→ **EXTRACTED ENTRIES**
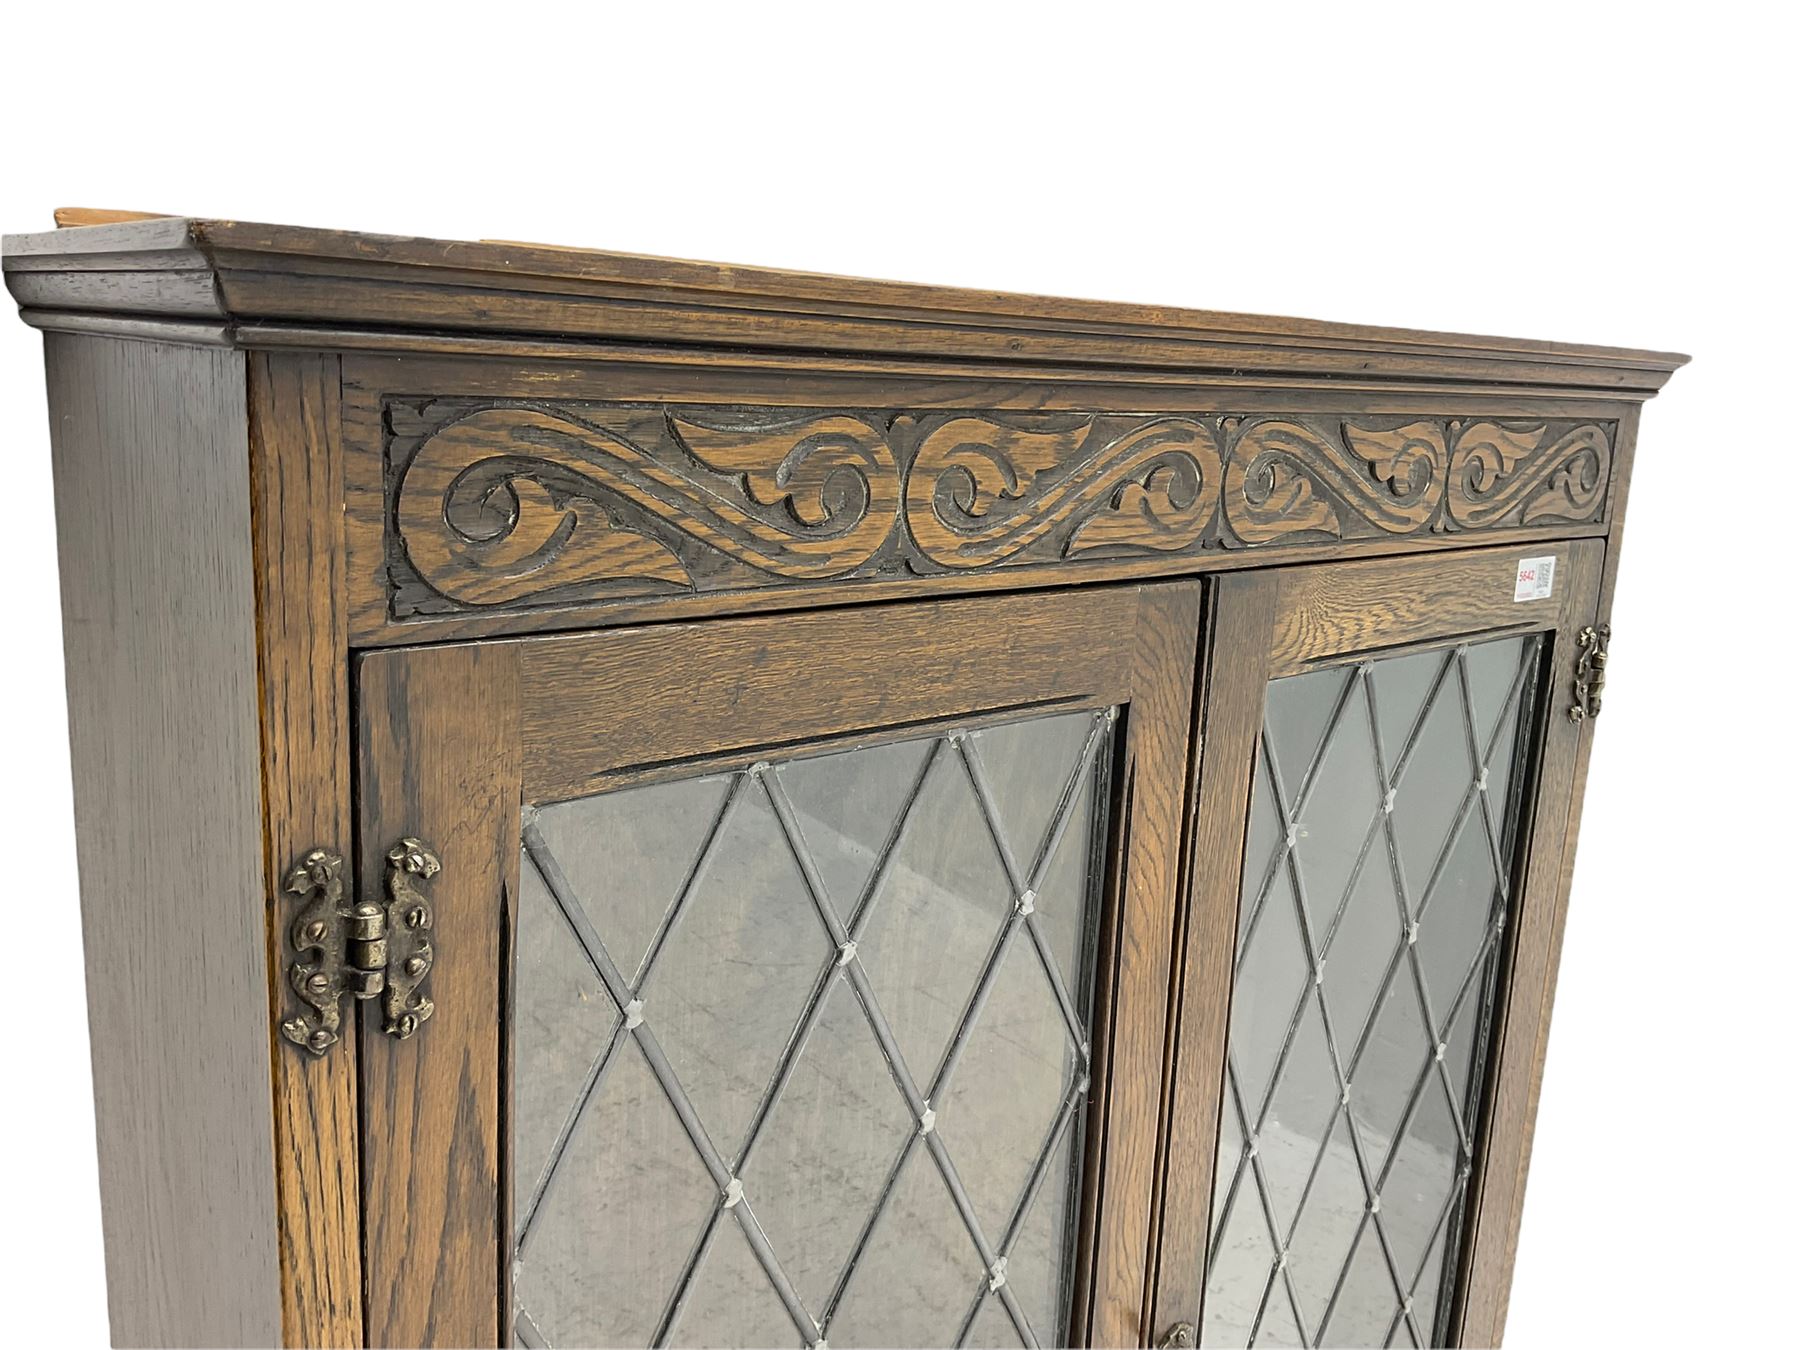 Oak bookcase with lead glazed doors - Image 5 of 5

--

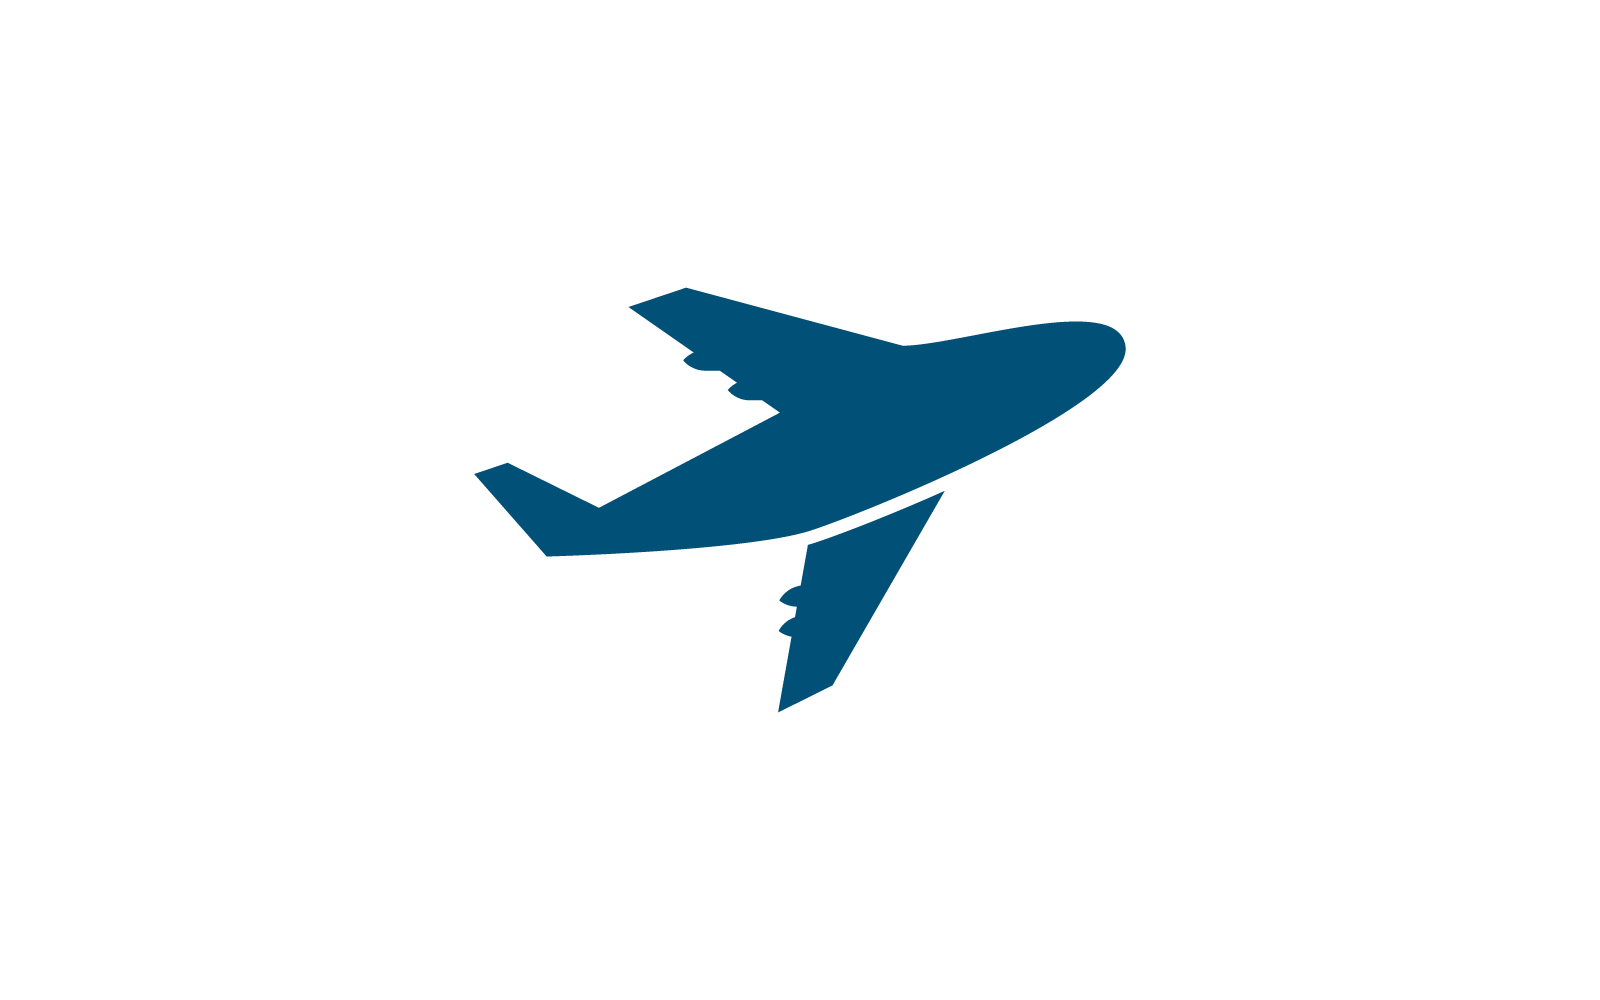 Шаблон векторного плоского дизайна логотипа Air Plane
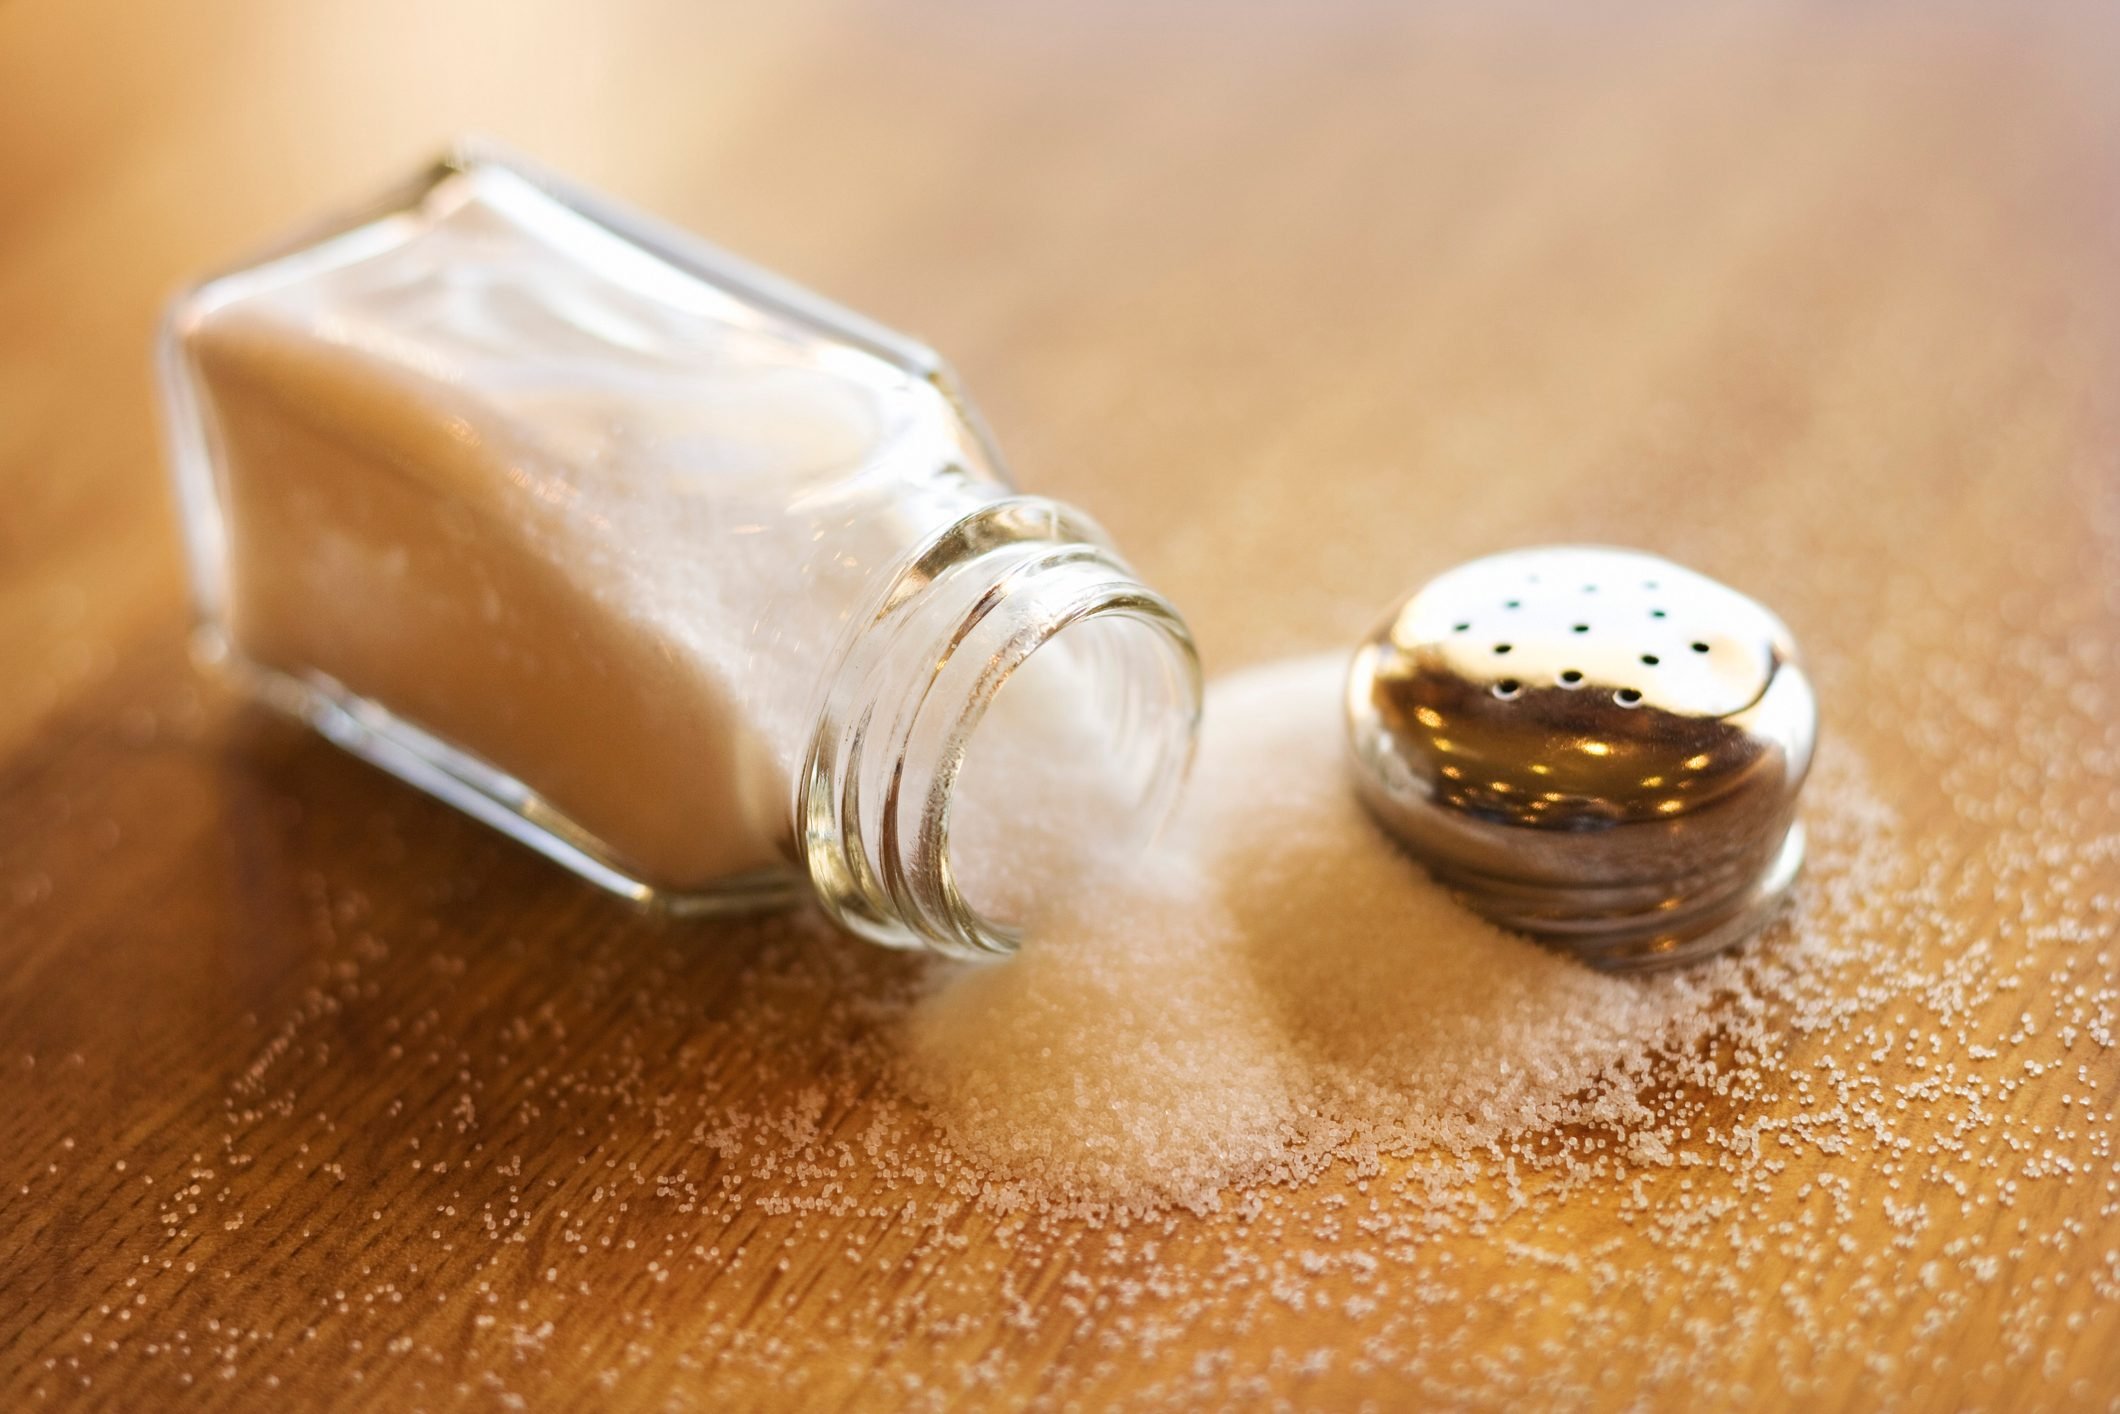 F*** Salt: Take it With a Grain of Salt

→ **WHAT TO DO**
Both the line containing "Шаблон векторного плоского" and the line containing "F*** Salt: Take it With a Grain of Salt" above belong in the output, as do the lines between them. Print them exactly, without pictures.

→ **ANSWER SPACE**
 Шаблон векторного плоского дизайна логотипа Air Plane
 F*** Salt: Take it With a Grain of Salt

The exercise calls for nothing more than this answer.